Но я же буду это преподавать! И не кому-нибудь, а девочкам подросткам, у которых в голове вообще мало что сформировано! Как, как это преподносить? Я не находила решения. Эта система была слишком, слишком тяжеловесной для юных умов. Я догадывалась, что она их займет на семестр с лихвой, и даже добавит в их жизнь адреналинчика, но, даже после сдачи всех зачетов, смогут ли они из нюансов и сложностей изученного материала собрать в голове ясную, четкую картинку? Ведь им, девочкам, прежде всего необходимо стать хорошими конструкторами, в этом и состояла цель Техникума. Еще, конечно, удручало, что ЕМКО СЭВ, несмотря на свою славу, откровенно говоря, во многом уже устарела. Позиции рассматриваемых моделей одежды были старомодными; юным умам просто неинтересно с ними работать, так как они не вызывают у них эстетического интереса! Более того, я лично предполагала, что ЕМКО СЭВ уже не справлялась с задачей построения точных лекал, так как антропология современных людей сильно изменилась. Да, для этой системы были разработаны размерные ГОСТы, целые тома, описывающие различную конфигурацию среднестатистического советского человека, и прелесть состояла в том, что ЕМКО СЭВ и ГОСТы были созданы в дополнение друг другу. Но сейчас все изменилось, в том числе и ГОСТы, размеры которых «пляшут» (во многом непонятно вообще кем и при каких условиях проводятся исследования), и это ведет к серьезным ошибкам в разработке лекал. На производстве такие накладки - это время и денежные убытки. В общем, все эти размышления упирались в одно; к чему выбирать для обучения такие сложные методики как ЕМКО СЭВ, если в итоге даже она не гарантирует точного результата, и все сводится к дополнительной проверке данных уже на производстве. Это был уже мой личный вопрос, не имевший ответа. На производстве - свои законы, это я понимала, так же, как и в образовательных структурах - свои правила. Сказано, что ЕМКО СЭВ - гарантия профессионализма, значит, так оно и есть. А то, что будет дальше - никого не волновало.

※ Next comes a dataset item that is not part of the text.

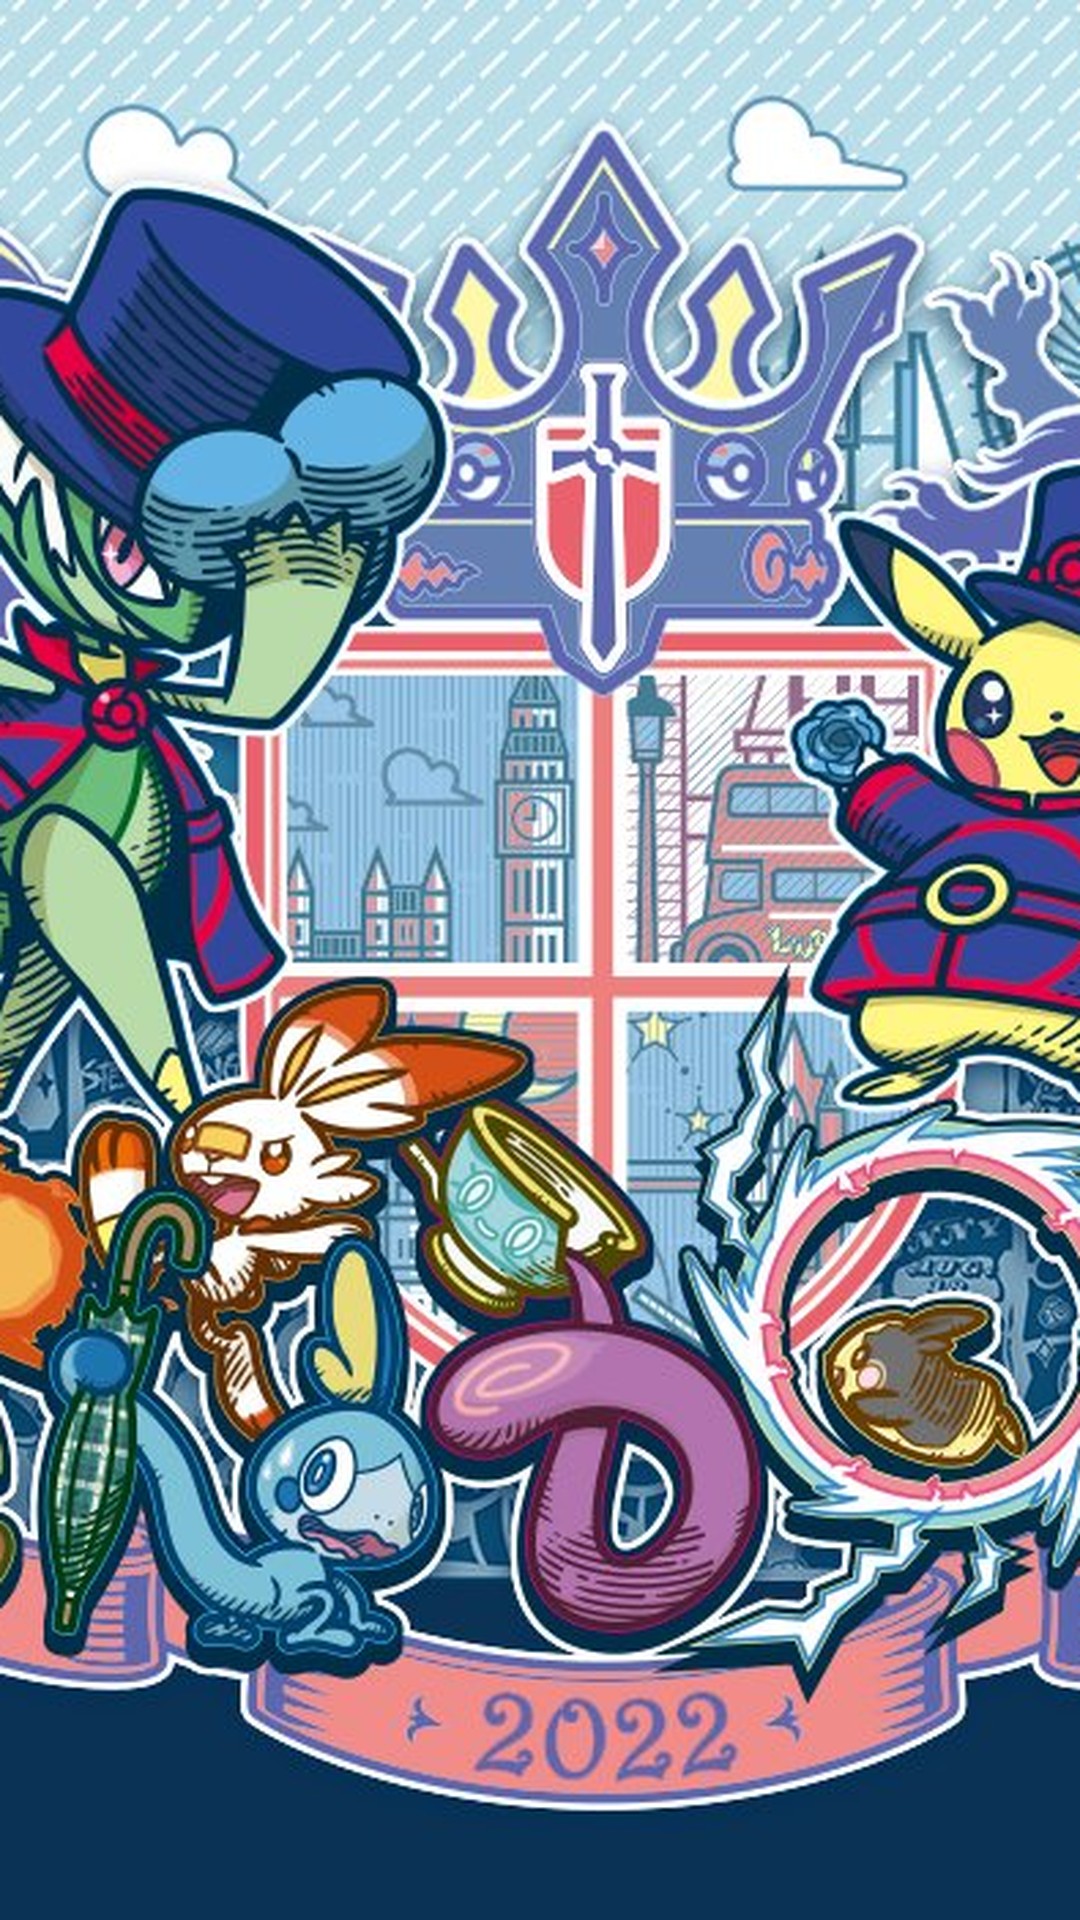 Pokémon UNITE: Xis vai representar o Brasil no mundial - Canaltech

В общем, я видела проблему не в том, что методика тяжелая, а в том, что юные умы не готовы к ее пониманию. Чисто механически они, под моим руководством, построят по ней все. Но, выйди они в мир, на производство, смогут ли сами сообразить что к чему? В этом я не была уверена.
Еще, конечно, такая громоздкая система прибавляла трудностей и мне. На уроке, на глазах у всего класса, я спокойно могла бы что-нибудь забыть из нее сама, и тогда бы пришлось при всех лезть в методичку и искать решения как и куда чертить какой-нибудь радиус. Выучить это было невозможно. Вот прикол: учительница сама забыла материал, и вот вместе со своими подопечными разбирается в этой головоломке. Я грустно вспомнила любимого «Мюллера и сын»; как же там все легко и просто….
Главное, все это подводило меня к новому неудобному моменту; я вынуждена буду тратить на подготовку к урокам как минимум в два раза больше времени и сил. Я понимала, что это не просто собрать в сумку карандаши-ручки-тетрадки; я как минимум должна буду, как в былые времена, посидеть денек за чертежами с циркулем в обнимку. При этих мыслях и без того маленькие деньги за мои услуги стали совсем уж крошечными…
Я подумала, что зря только трачу время, пытаясь во всем этом разобраться. Если мне что и пригодится, то уже тогда, когда наметится конкретный урок. Но прежде надо было познакомиться с преподавательницей по «Конструированию», с коллегой, так сказать. Отлично, лучше я у нее расспрошу истинное положение вещей, как и что преподается, на чем нужно ставить акценты, а на что можно и «забить» в обучении.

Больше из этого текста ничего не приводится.